Only about 27% of India’s population is covered around any form of health insurance and the out of pocket expenditure on health is 62.4% in India as compared to the world average of 18.2%.
The medical technology industry plays a crucial role throughout the healthcare lifecycle and has been instrumental in transforming healthcare ecosystems across the world. For India too, the MedTech industry offers the potential to address the healthcare issues by using a mix of existing as well as cutting-edge technologies.
Out-of-pocket (OOP) health expenses drove 55 million Indians- -more than the population of South Korea, Spain or Kenya–into poverty in 2011-12, and of these, 38 million (69%) were impoverished by expenditure on medicines alone, according to calculations by the Public Health Foundation of India (PHFI), an advocacy, which were released on June 6, 2018, and based on the official Indian standard for poverty line–a monthly expenditure of Rs 816 in rural areas and Rs 1,000 in urban areas.

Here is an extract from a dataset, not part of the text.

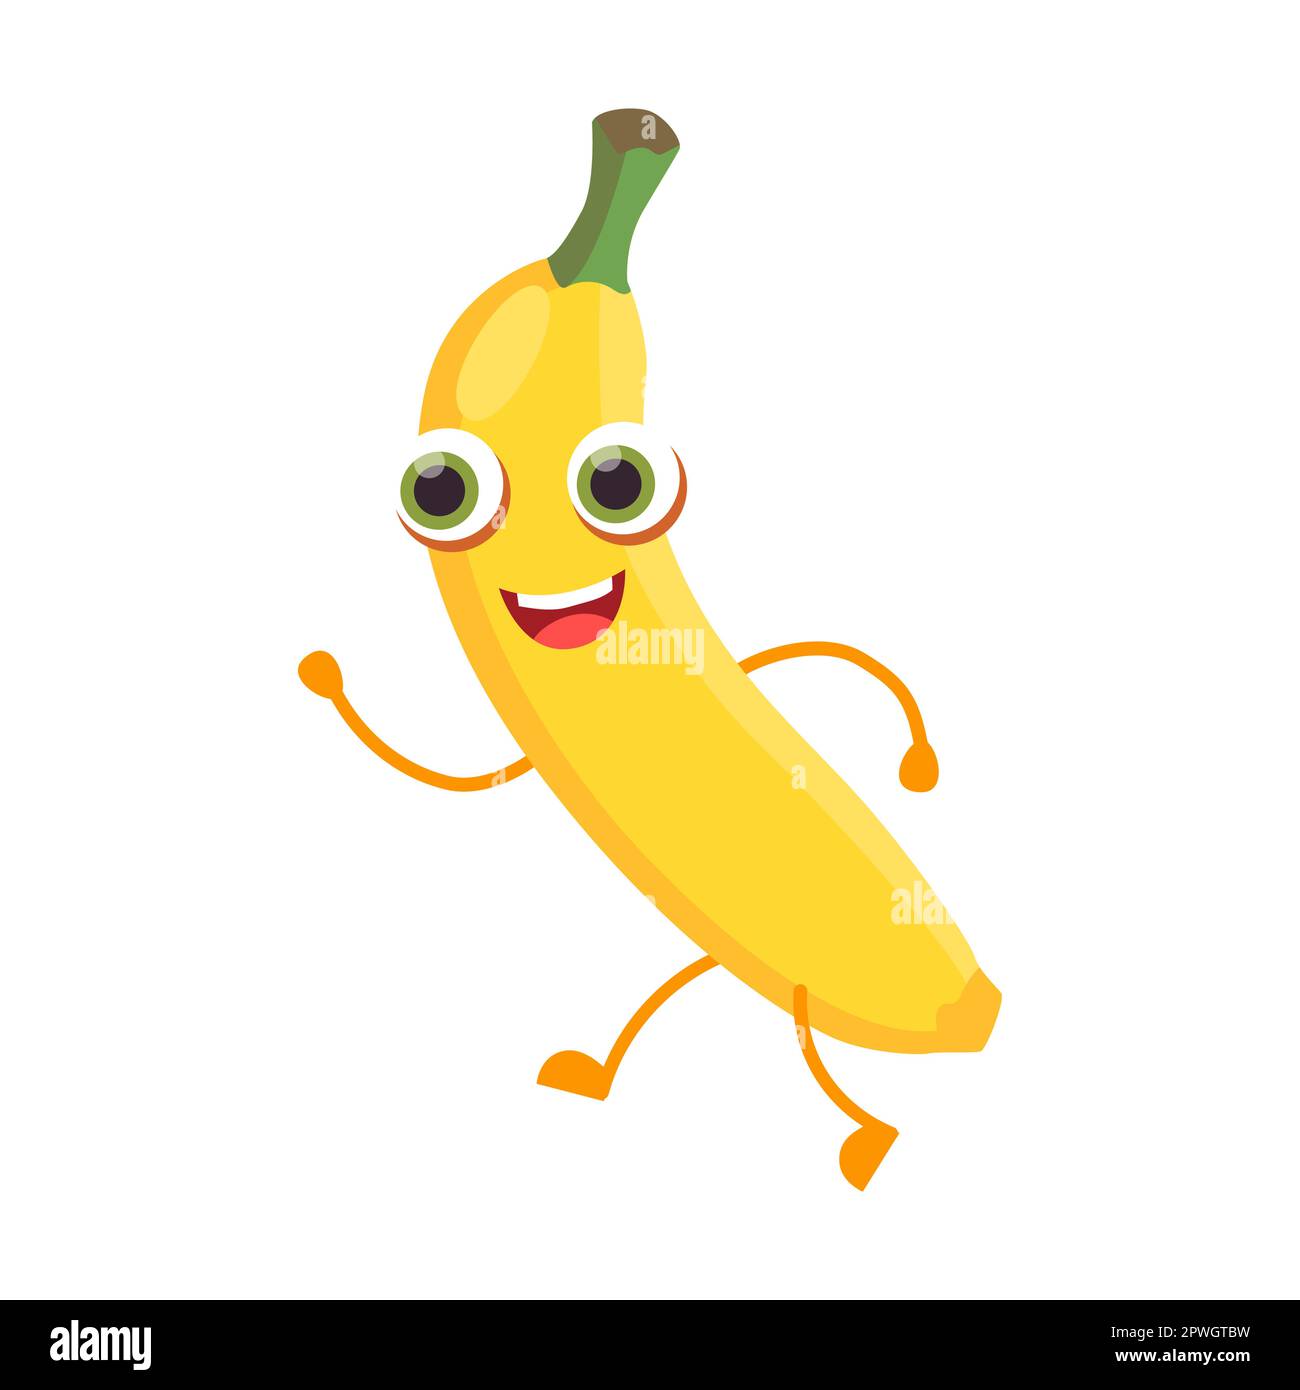 Illustration vectorielle de personnage de dessin animé « banane fruit » mignon. Autocollant comique avec caricature drôle de personnage heureux isolé sur blanc Illustration de Vecteur

Part of the root cause is low public investment in health. According to WHO, India ranks 184th out of 191 countries in terms of percent-of-GDP spending on health. At around $29 (PPP), Sri Lanka, China, and Thailand all invest three to four times more per capita. The low provision of pro-poor services leads to an undue reliance on out-of-pocket financing for health. Currently, 85.9% of private healthcare is financed out-of-pocket—only Pakistan, Bhutan, Myanmar and Bangladesh have higher rates in South Asia.
Healthcare inflation is about 15 to 17 % hence healthcare costs go up by 15% to 17% annually. The Indian healthcare sector has the potential to be amongst the highest revenue and employment generator for the country. The ability of private healthcare providers to create five direct jobs plus many more indirect jobs per bed and two and half times multiplier on capital invested, should be considered as a positive by the policy makers.
Overview
The answer to India’s Healthcare woes is Universal Health Coverage (UHC): UHC means that all individuals and communities receive the health services they need without suffering financial hardship. It includes the full spectrum of essential, quality health services, from health promotion to prevention, treatment, rehabilitation, and palliative care.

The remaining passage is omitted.